SOURCE DATA ::
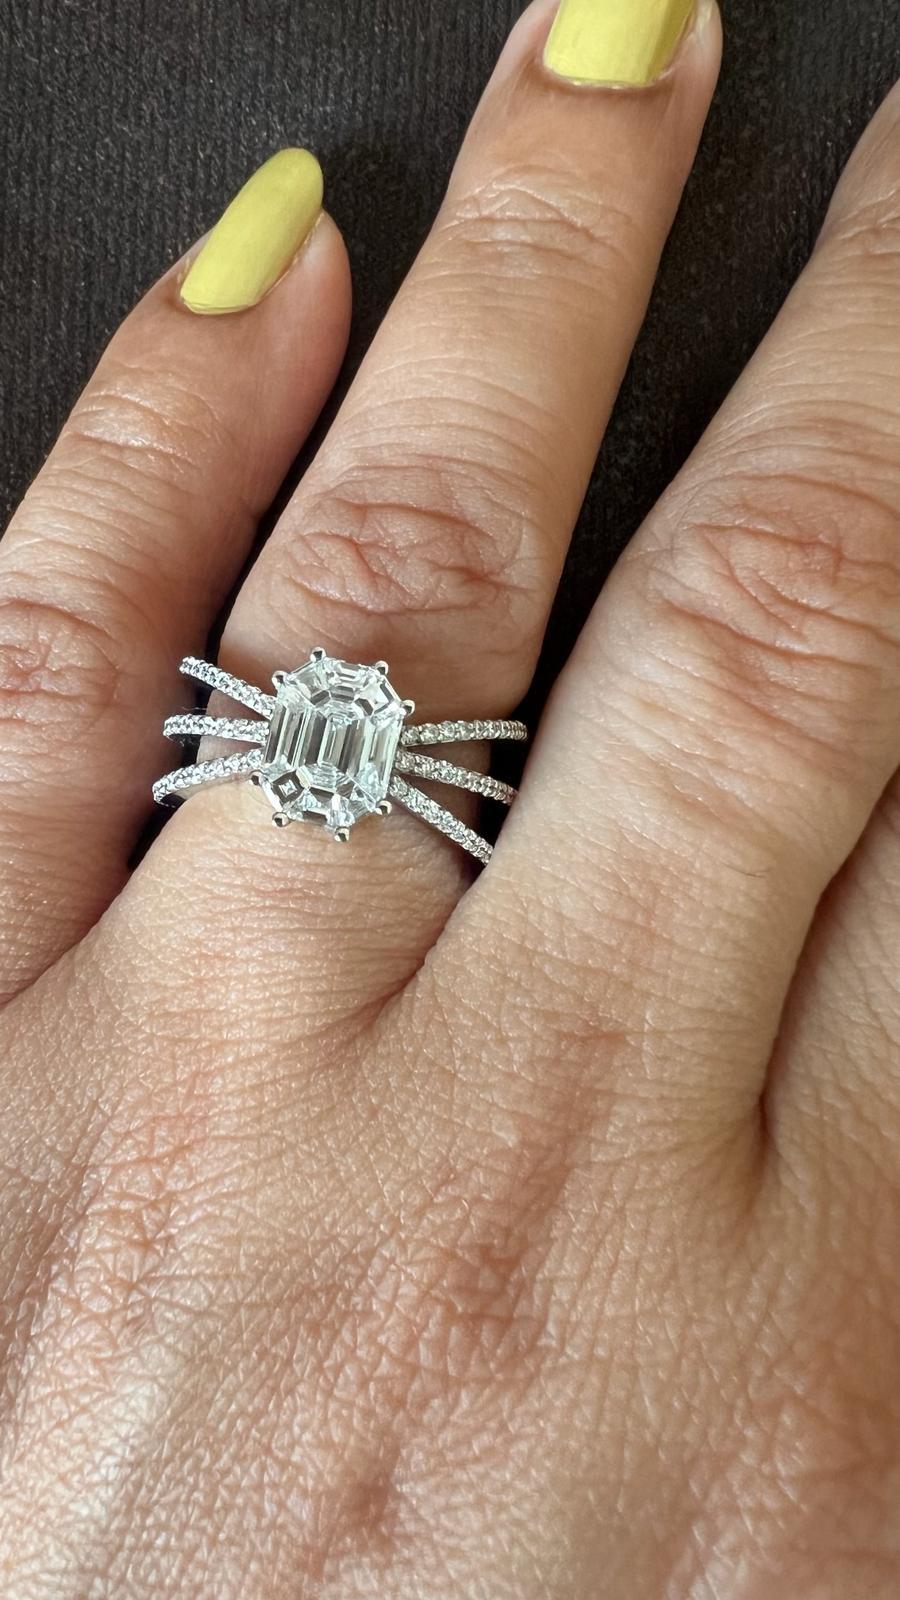 This ring is made in 18kt white gold with triple split shank splitting from the top & spreading like wings & connecting precisely towards the bottom.

Shank are half way studded with diamonds to give you a proper diamond look from the top.

The
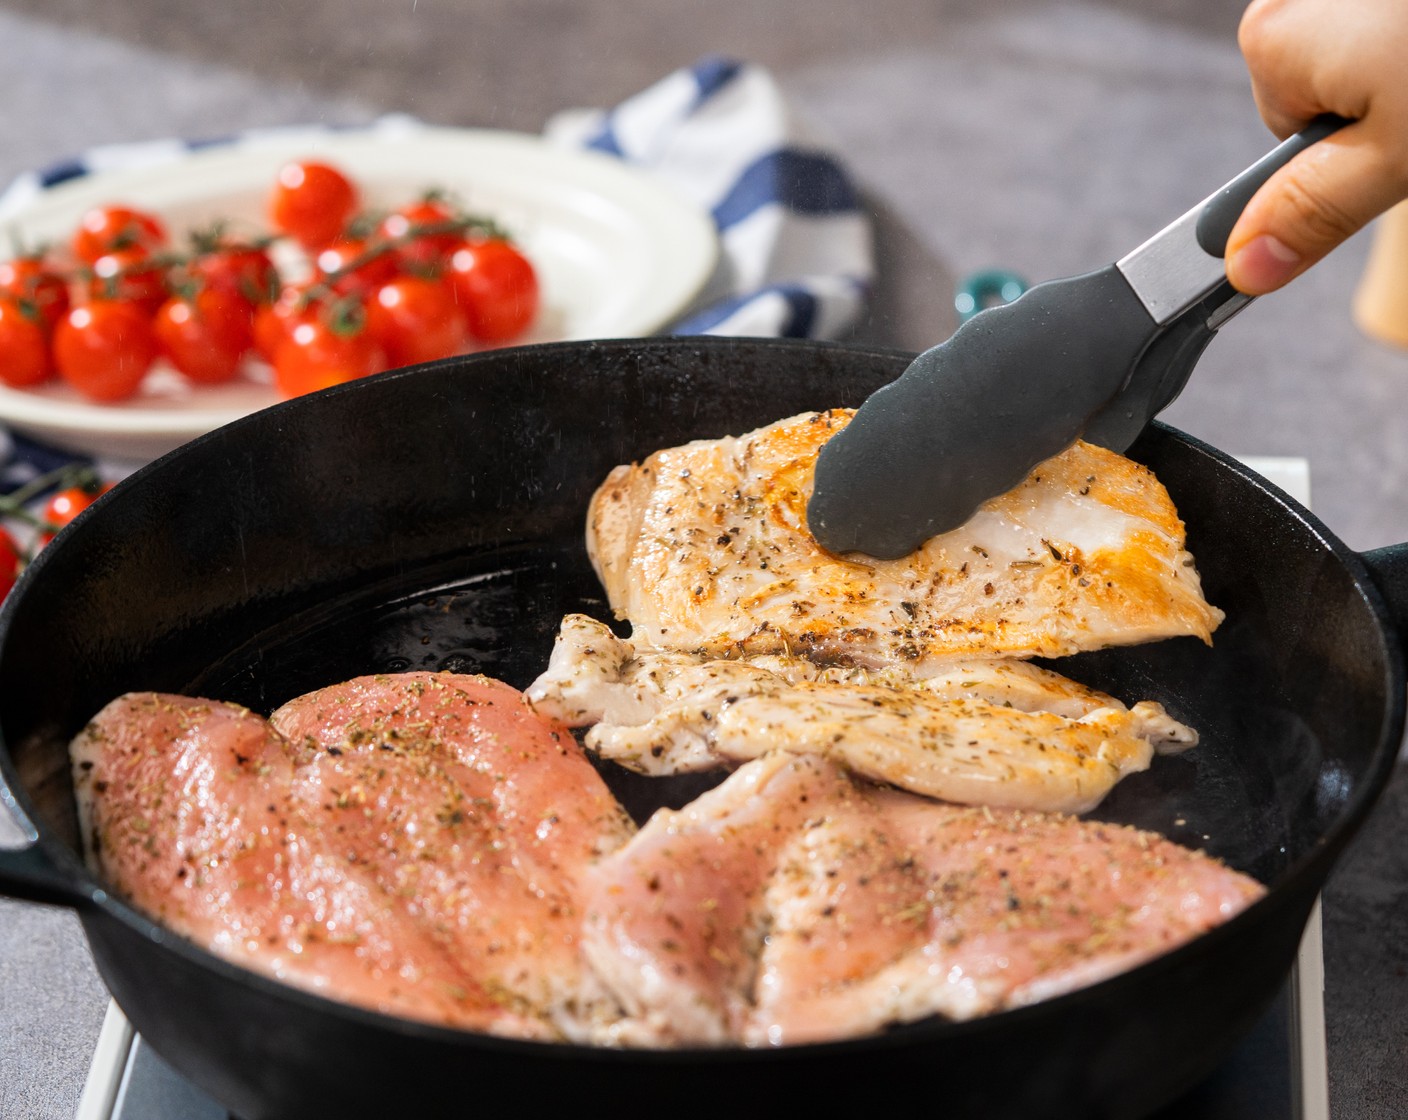 step 3 In a skillet, heat the Olive Oil (2 Tbsp) over medium-high heat. Once hot, add chicken to the skillet and cook for 2-3 minutes.

TASK DETAILS :: Every line of the data should be transcribed exactly. Omit the images.

OUTPUT OF THE EXERCISE ::
 This ring is made in 18kt white gold with triple split shank splitting from the top & spreading like wings & connecting precisely towards the bottom.

Shank are half way studded with diamonds to give you a proper diamond look from the top.

The
 step 3 In a skillet, heat the Olive Oil (2 Tbsp) over medium-high heat. Once hot, add chicken to the skillet and cook for 2-3 minutes.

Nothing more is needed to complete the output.